According to this papyrus, the Shasu traveled from the Fortress of Merneptah to Pithom, both of which were in Tjeku.  This would likely place the Israelite encampment of Sukkot near the entrance to the wadi, possibly near the modern town of Abou Hammad.

The Hebrew name Sukkot is related to the term that means “booths.”  As such, Sukkot may have only been the location of a temporary camp site.  In other words, a way station with limited water and resources.

Exodus

Pi-Ramesses, City on an Island

The Bible mentions the cities of Pithom and Ramesses as the places where the Israelites made “storage cites” (Exod 1:11).  Exod 12:37 and Num 33:3-5 point to Pi-Ramesses as the starting place of the exodus.  So what do we know about the early history of the island city of Pi-Ramesses?

The only city of the ancient world with name “Ramesses” was Pi-Ramesses, the “house of Ramesses.”  Labib Habachi identified Pi-Ramesses at the archaeological site of Qantir.  Qantir is located 2 km east of Avaris, the former Hyksos capital. 

Seti I (ca. 1303-1288 BC) founded Pi-Ramesses as a royal residence.  Ramesses II (ca. 1288-1222 BC) expanded the city to become capital of Egypt.  Papyrus Anastasi III (1:12) dating to Merneptah’s 3rd year spells Pi-Ramesses with the birth name of Ramesses II, “Ramesses Meriamun.”

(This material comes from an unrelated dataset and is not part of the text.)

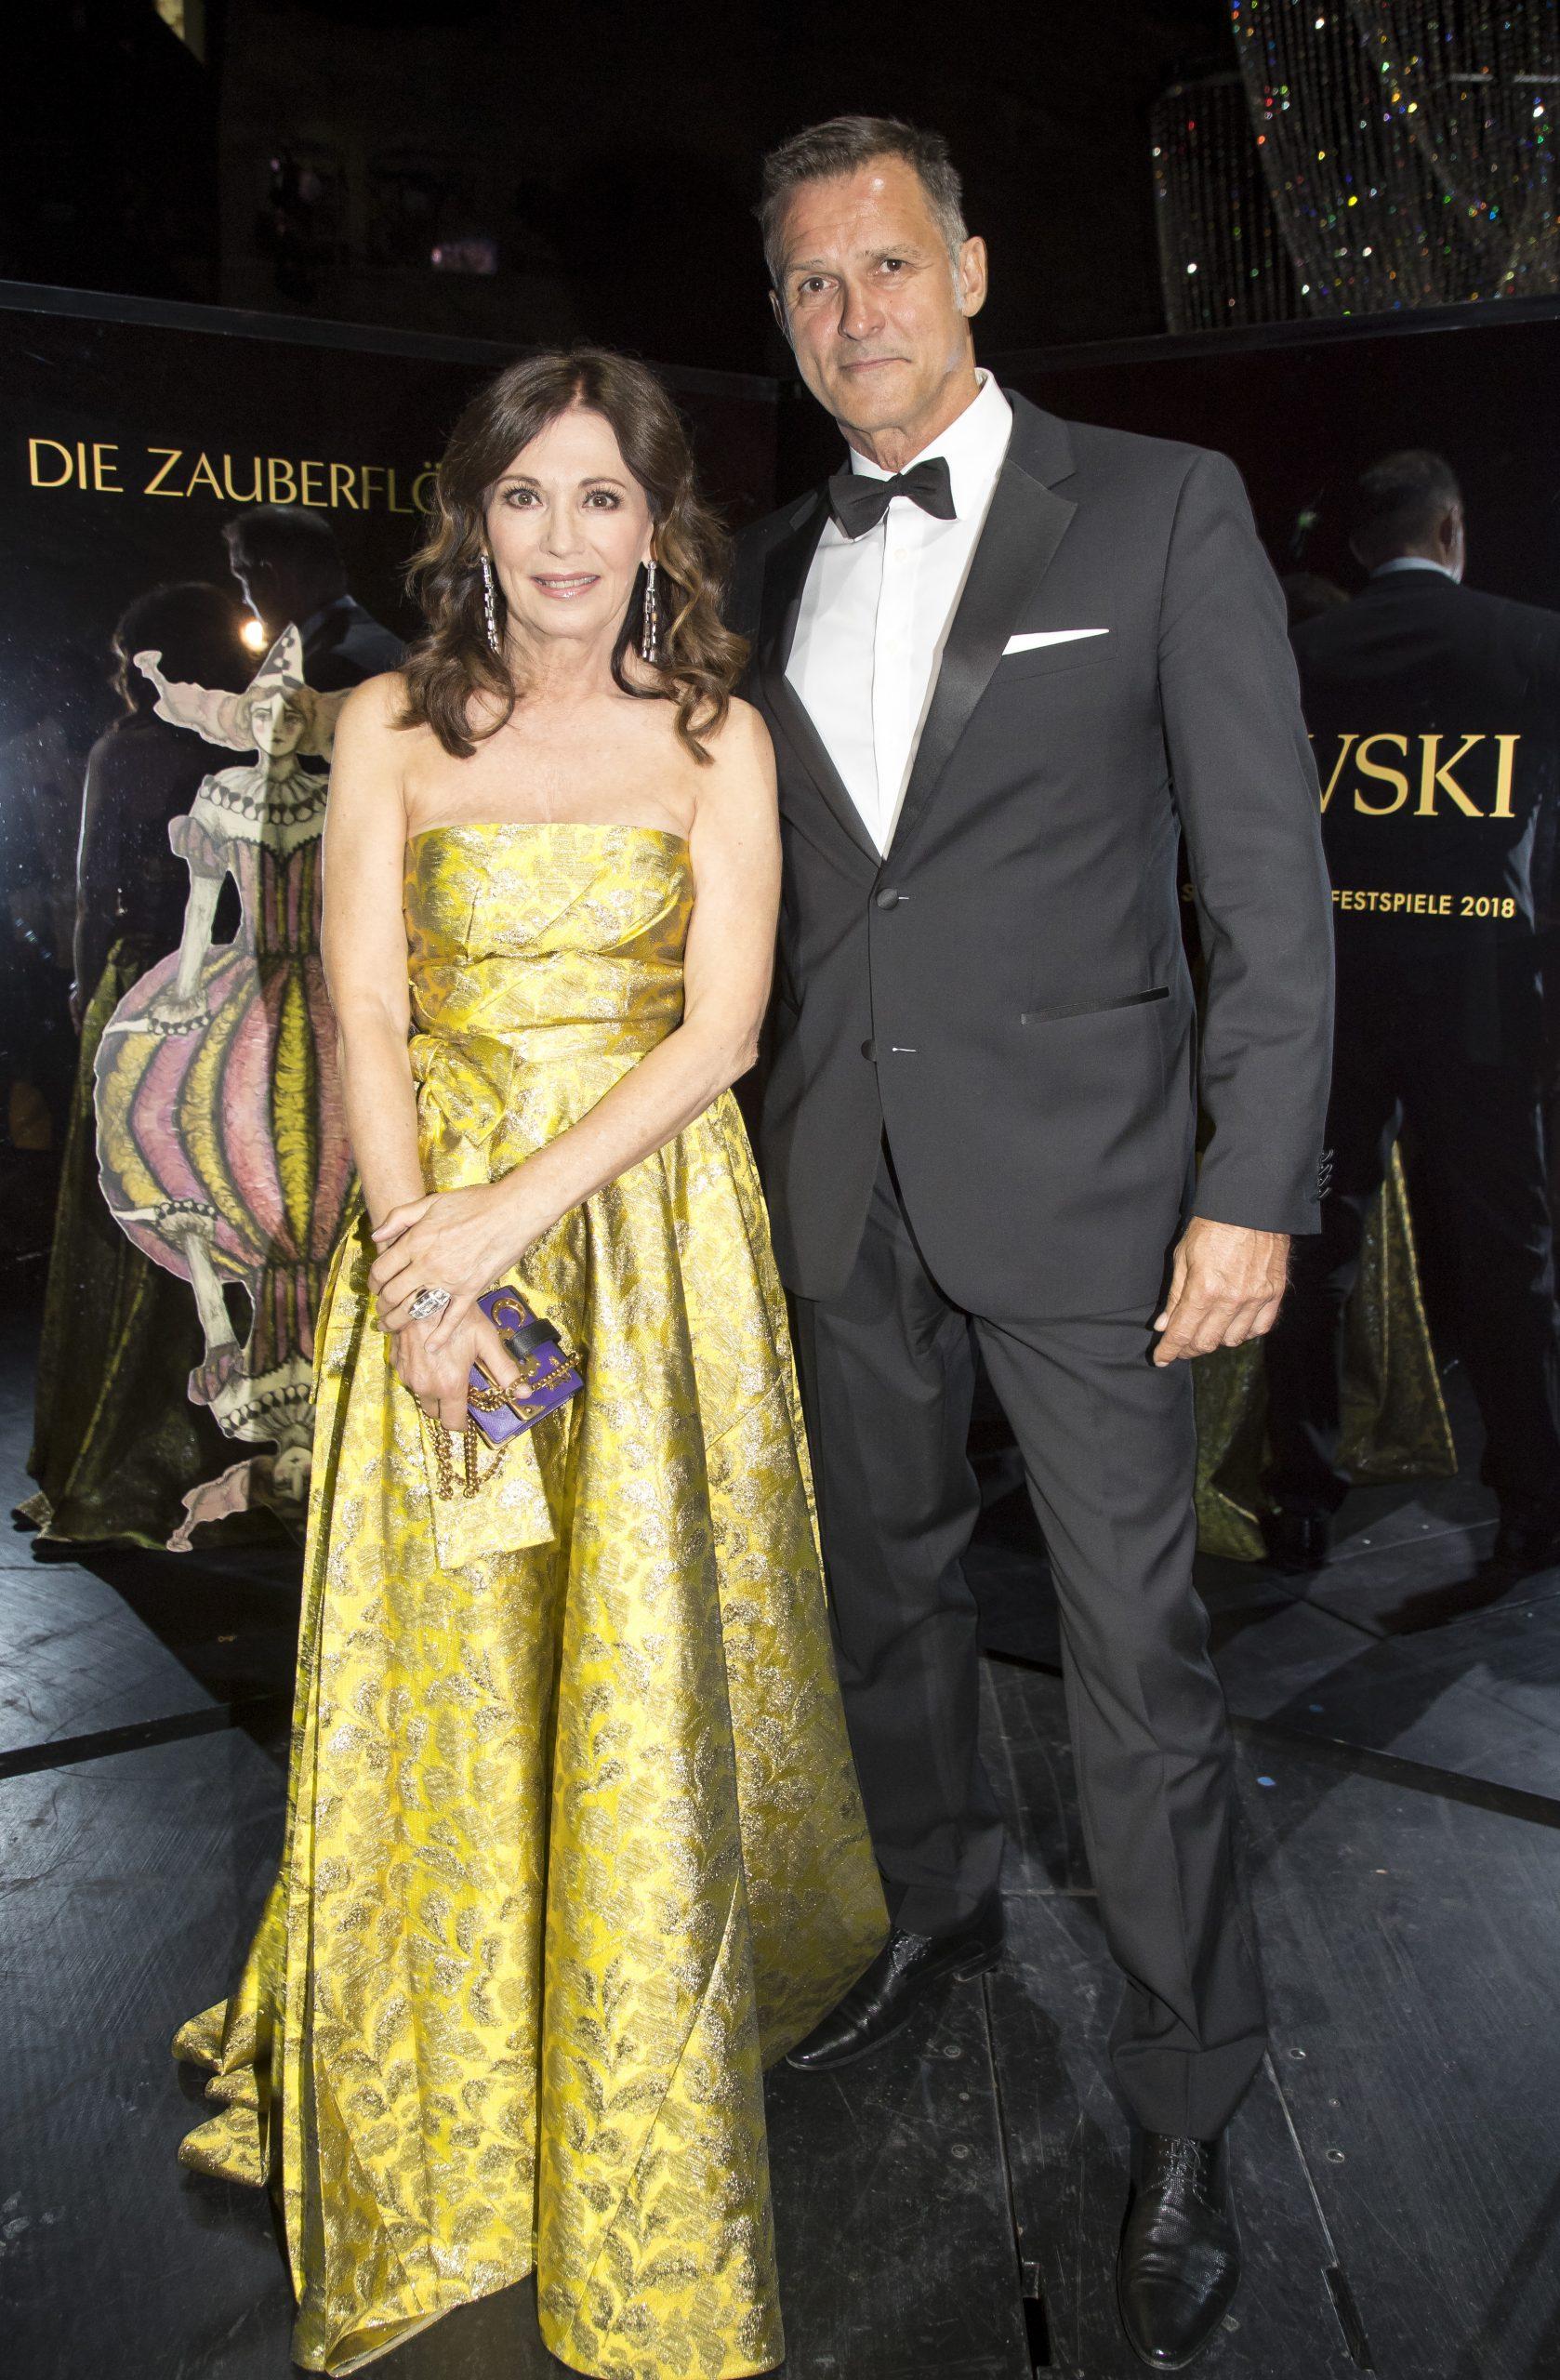 20 Luxurius Abendkleider Salzburg Bester Preis13 Schön Abendkleider Salzburg Boutique
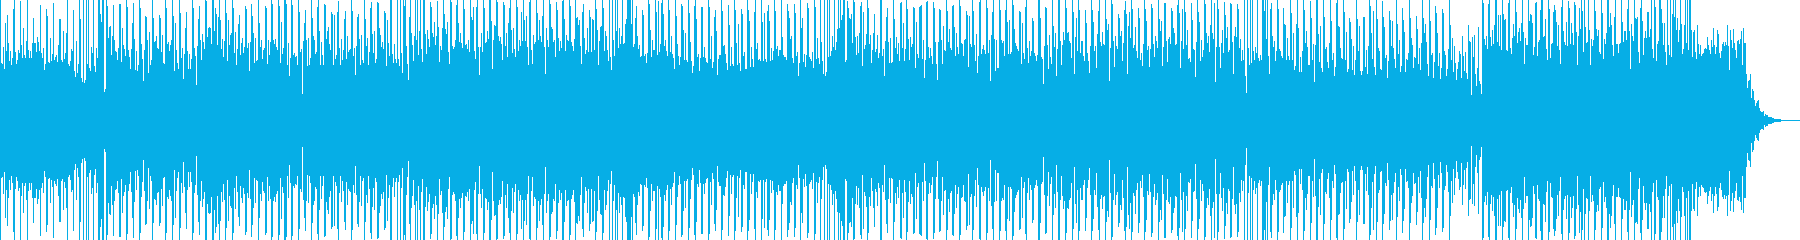 おしゃれで切ない感じのポップスの再生済みの波形

The Egyptian kings built Pi-Ramesses to keep an eye on the large Semitic population at Avaris.  The city also located in the region where the Ramessides had their power base.  The two cities existed together until Avaris was abandoned during Dynasty 19.

Ground-penetrating radar and Caesium-Magnetometry surveys done in 1996, 2003, and 2008 revealed no earlier remains beneath the Dynasty 19 city.  Moreover, the city of Pi-Ramesses was an island surrounded by water on all sides.

These facts show us two things.   (1) The Israelites lived near but not in Pi-Ramesses itself.  (2) The Exodus could not have occurred earlier than the reign of Ramesses II.  Thus, the Israelites probably gathered for the exodus at a staging area between Avaris and Pi-Ramesses.  Avaris afterwards ceased being a viable city when it was abandoned by the Israelites.